Roast pheasant with apples and cider

‘Served with a soupy sauce of cider, bacon and sage’: roast pheasant with apples and cider.
‘Served with a soupy sauce of cider, bacon and sage’: roast pheasant with apples and cider. {Photograph}: Jonathan Lovekin/The Observer

I discover even the plumpest pheasant feeds simply 2 individuals, however they turn out to be good worth once you use the bones for soup. The bacon – or pancetta in the event you choose – is there not solely for flavour however for its fats, which pheasants are likely to lack. Test the birds’ progress within the oven often, however I discover erring on the aspect of under-rather an over-cooking offers a juicier outcome. Serves 2

pheasants 2
butter 30g
unsmoked streaky bacon rashers 6, minimize into quick lengths, or small cubes of pancetta
onions 2, medium
dry cider 250ml
bay leaves 2
sage leaves 3 or 4
apples 4-6, small and tart

Preheat the oven to 160C/gasoline mark 3. Season the pheasants with salt and black pepper. Peel and roughly chop the onions. Soften the butter in a deep casserole or roasting dish over a reasonable warmth, add the bacon or pancetta and sizzle for a few minutes till the fats is golden, then add the onions and proceed till they’re smooth and pale gold. Take away from the pan and put aside.

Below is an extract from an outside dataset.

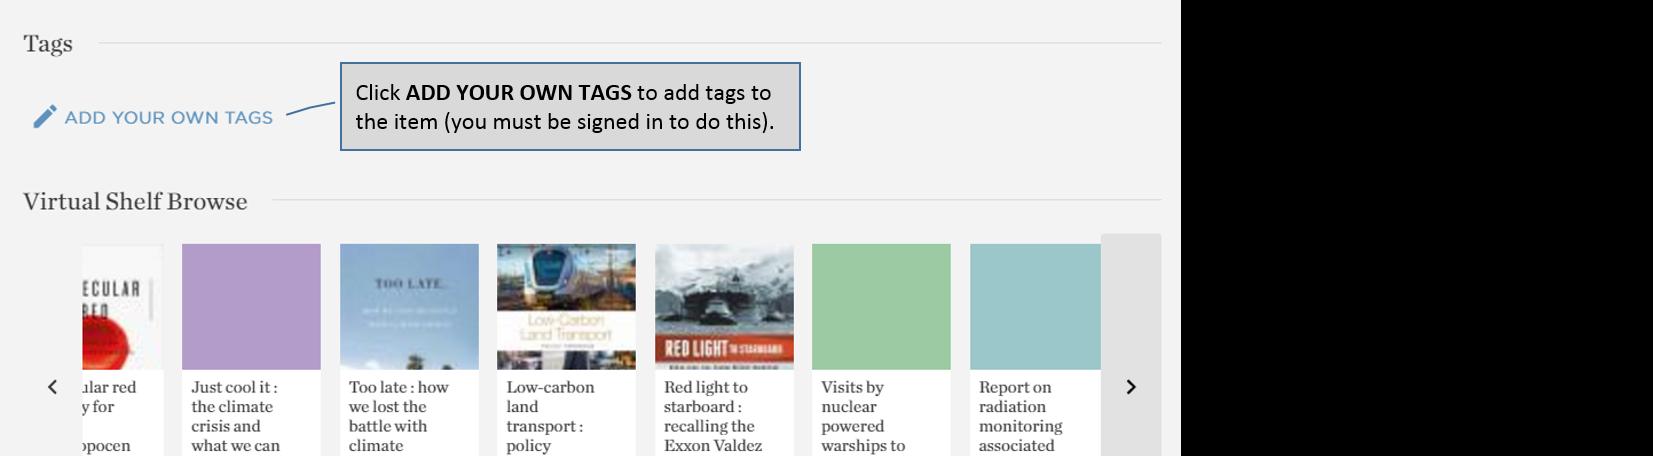 Catalogue – adding User Tags
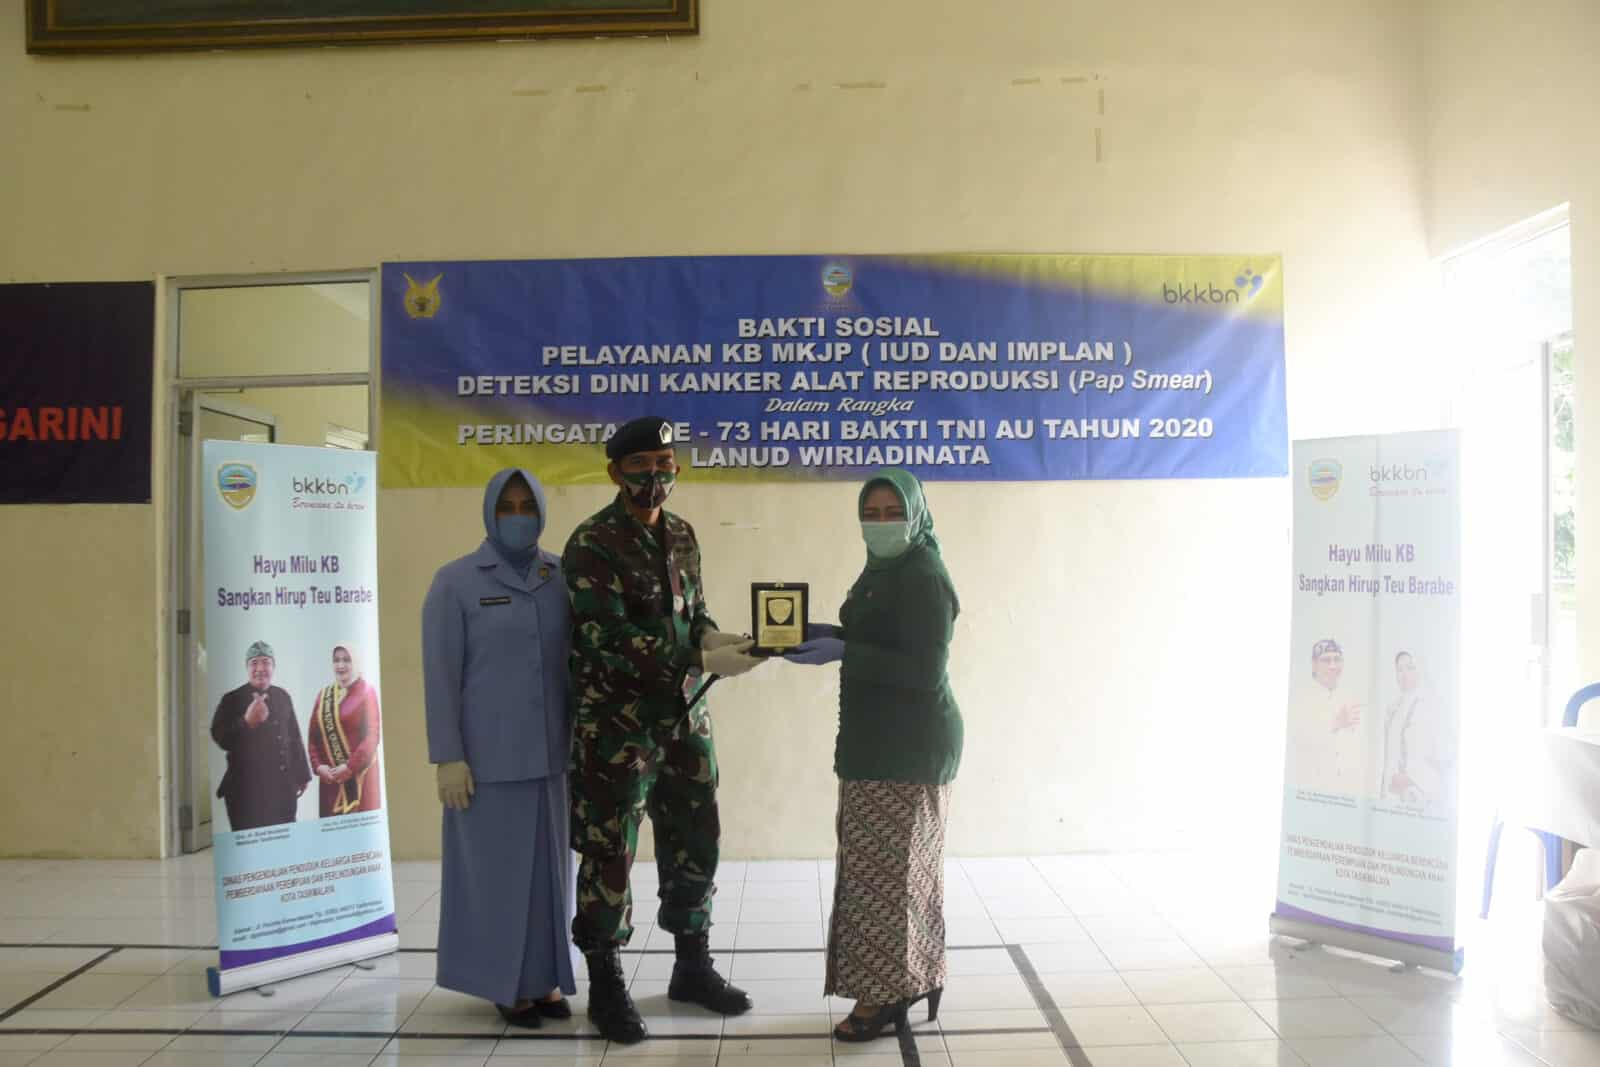 Cegah Kanker Serviks Lanud Wiriadinata Dan BKKBN Gelar Pemeriksaan Pap Smear

Introduce the pheasants to the pan, letting them color on all sides, turning them within the fats as mandatory, till golden. Raise them out and put aside with the bacon.

Pour the cider into the pan and carry to the boil, stirring within the juices which have caramelised on the underside, then return the bacon, onions, pheasants and any escaped cooking juices to the pan.

Rating every apple round its center with a knife – it can cease them splitting within the oven. Add the bay, sage leaves and apples to the pan, then cowl with a lid, place within the oven and go away to roast for about 50 minutes.

Check for doneness – the meat ought to be juicy, very barely pink inside and the pores and skin ought to be amber gold. Take away from the oven and put aside, nonetheless lined, to relaxation for 10 minutes.

Serve the birds with the apples and pan juices. The aromatics within the tin ought to have the deeply appley spirit of autumn.